Print the data exactly as written, line for line, and leave its pictures behind.

*** SOURCE DATA ***

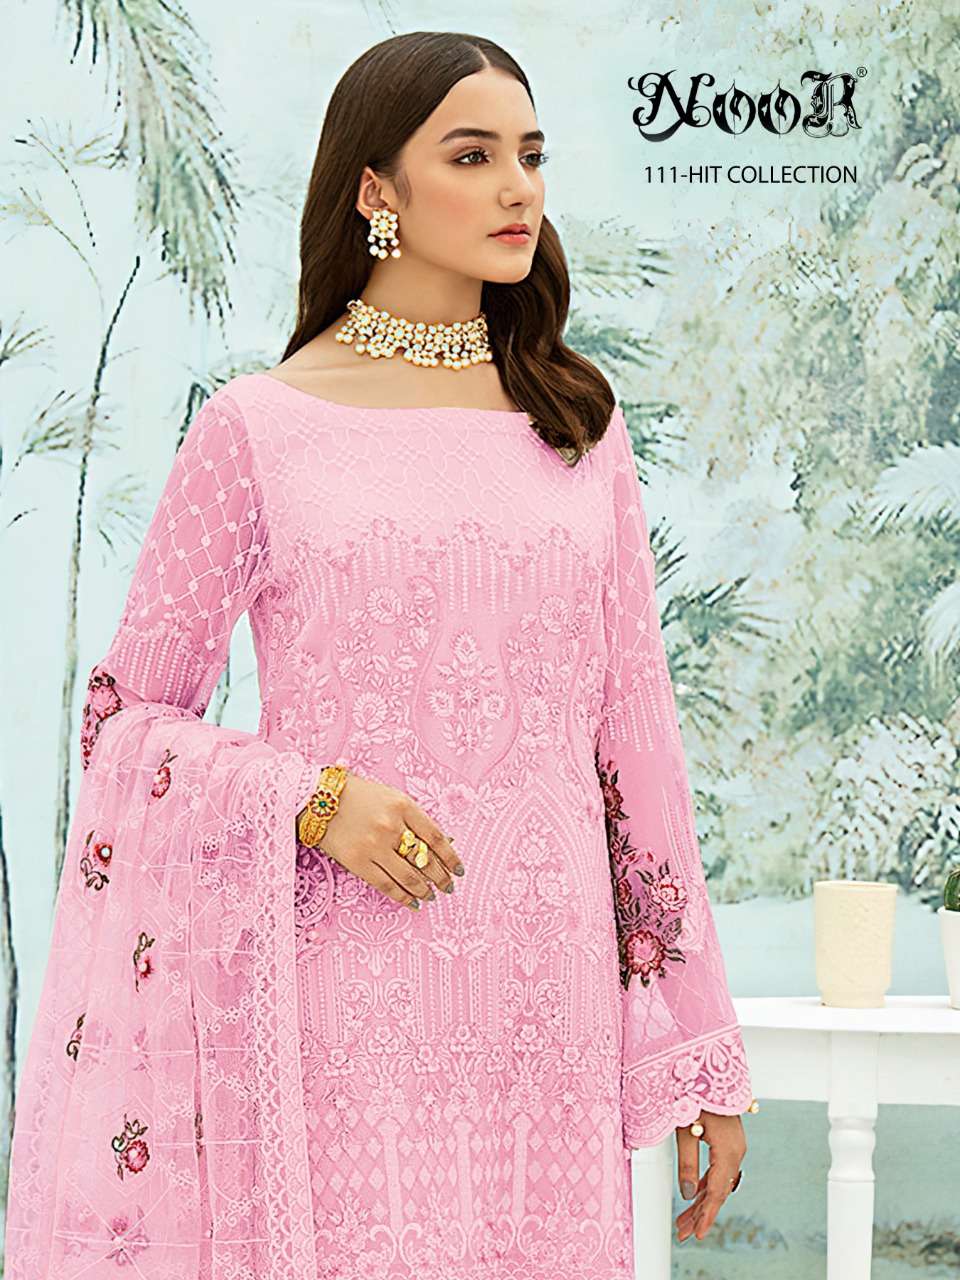 Noor 111 Hit Collection Georgette Heavy Embroidery suit
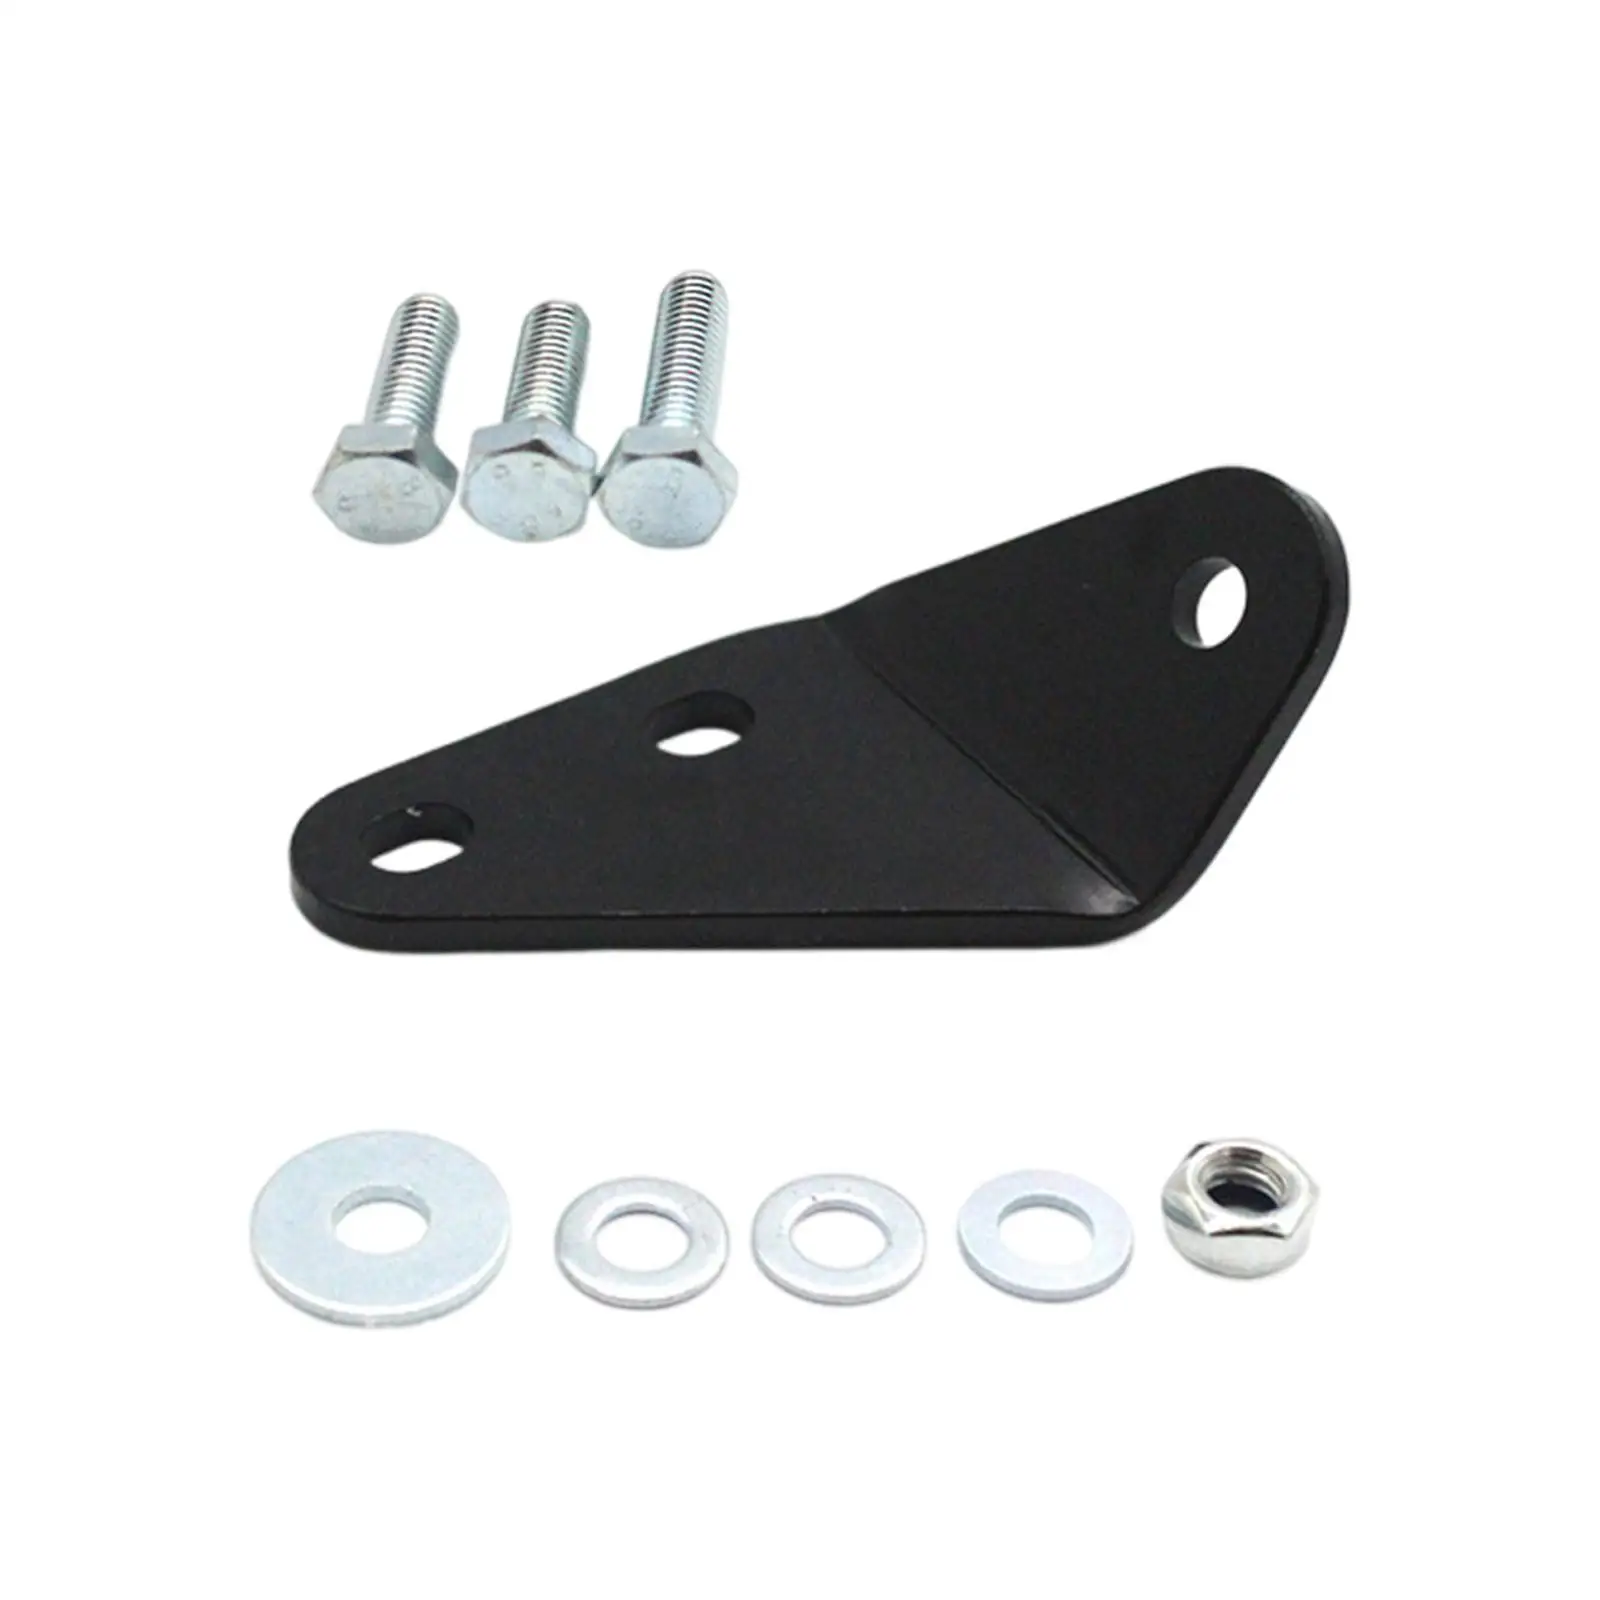 Clutch Pedal Repair Bracket Set High Quality Directly Replace for Volkswagen T4 Transporter Multivan Caravelle Accessories
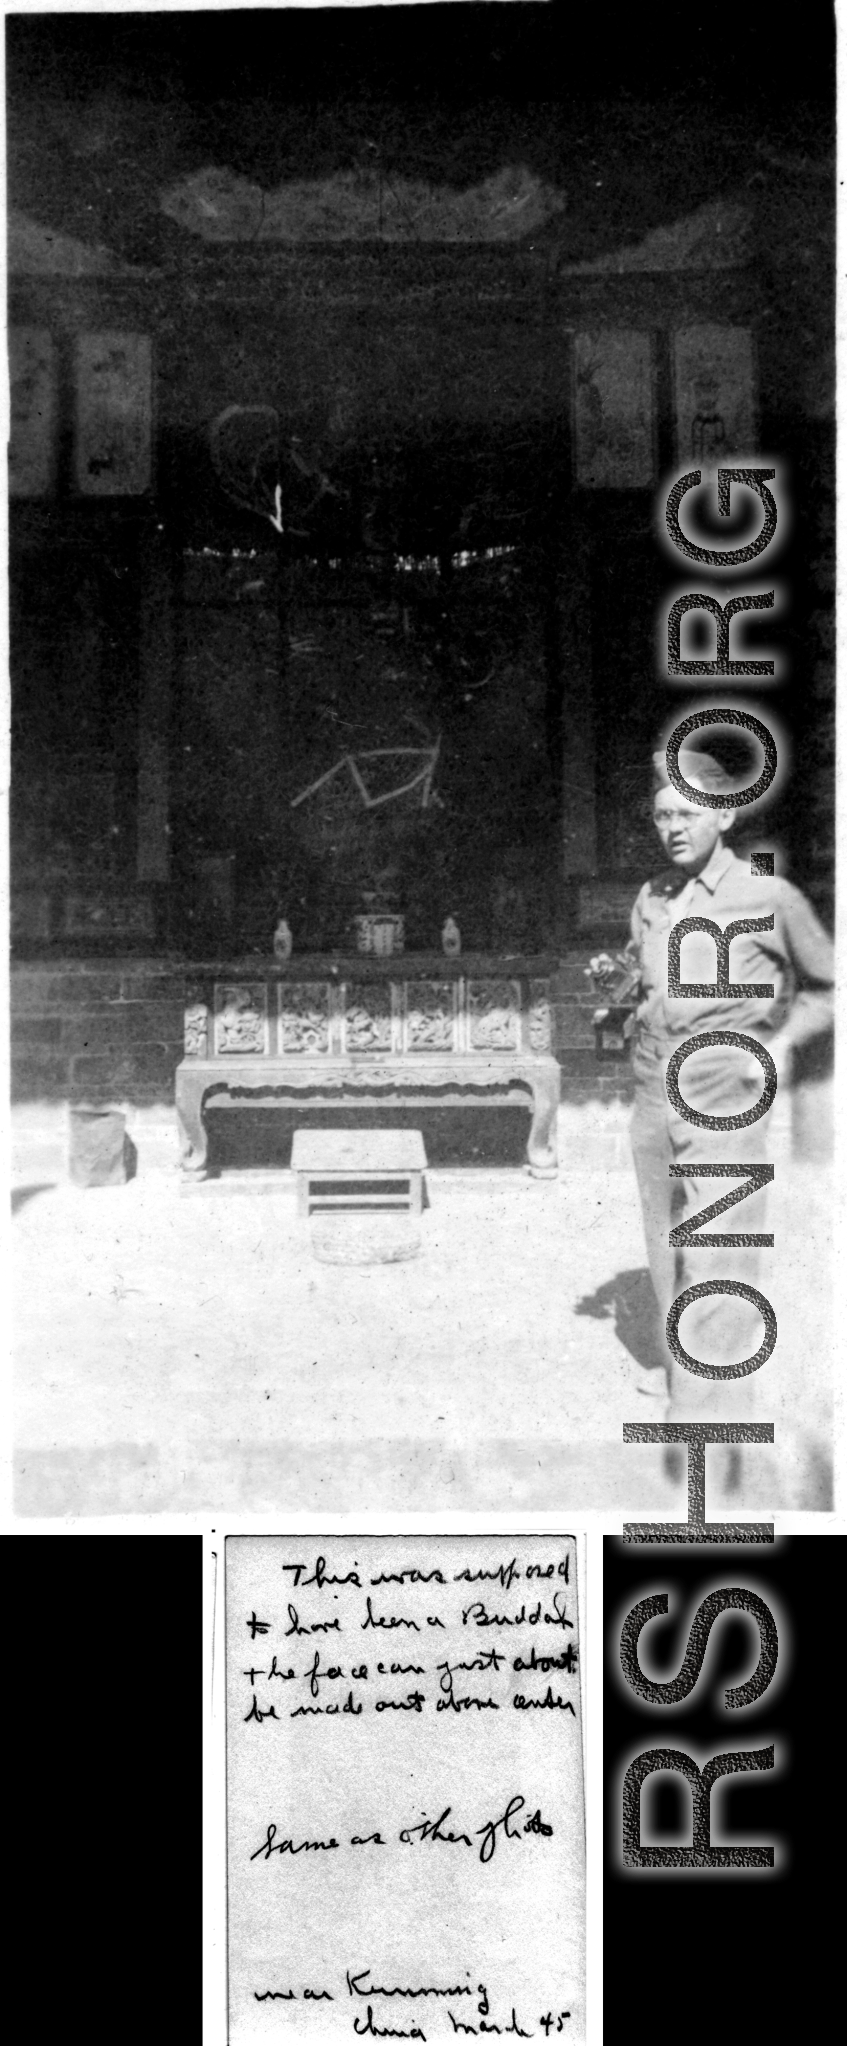 GI at Buddhist temple near Kunming, March 1945.

***

* _TASK OUTPUT_
 Noor 111 Hit Collection Georgette Heavy Embroidery suit
 Clutch Pedal Repair Bracket Set High Quality Directly Replace for Volkswagen T4 Transporter Multivan Caravelle Accessories
 GI at Buddhist temple near Kunming, March 1945.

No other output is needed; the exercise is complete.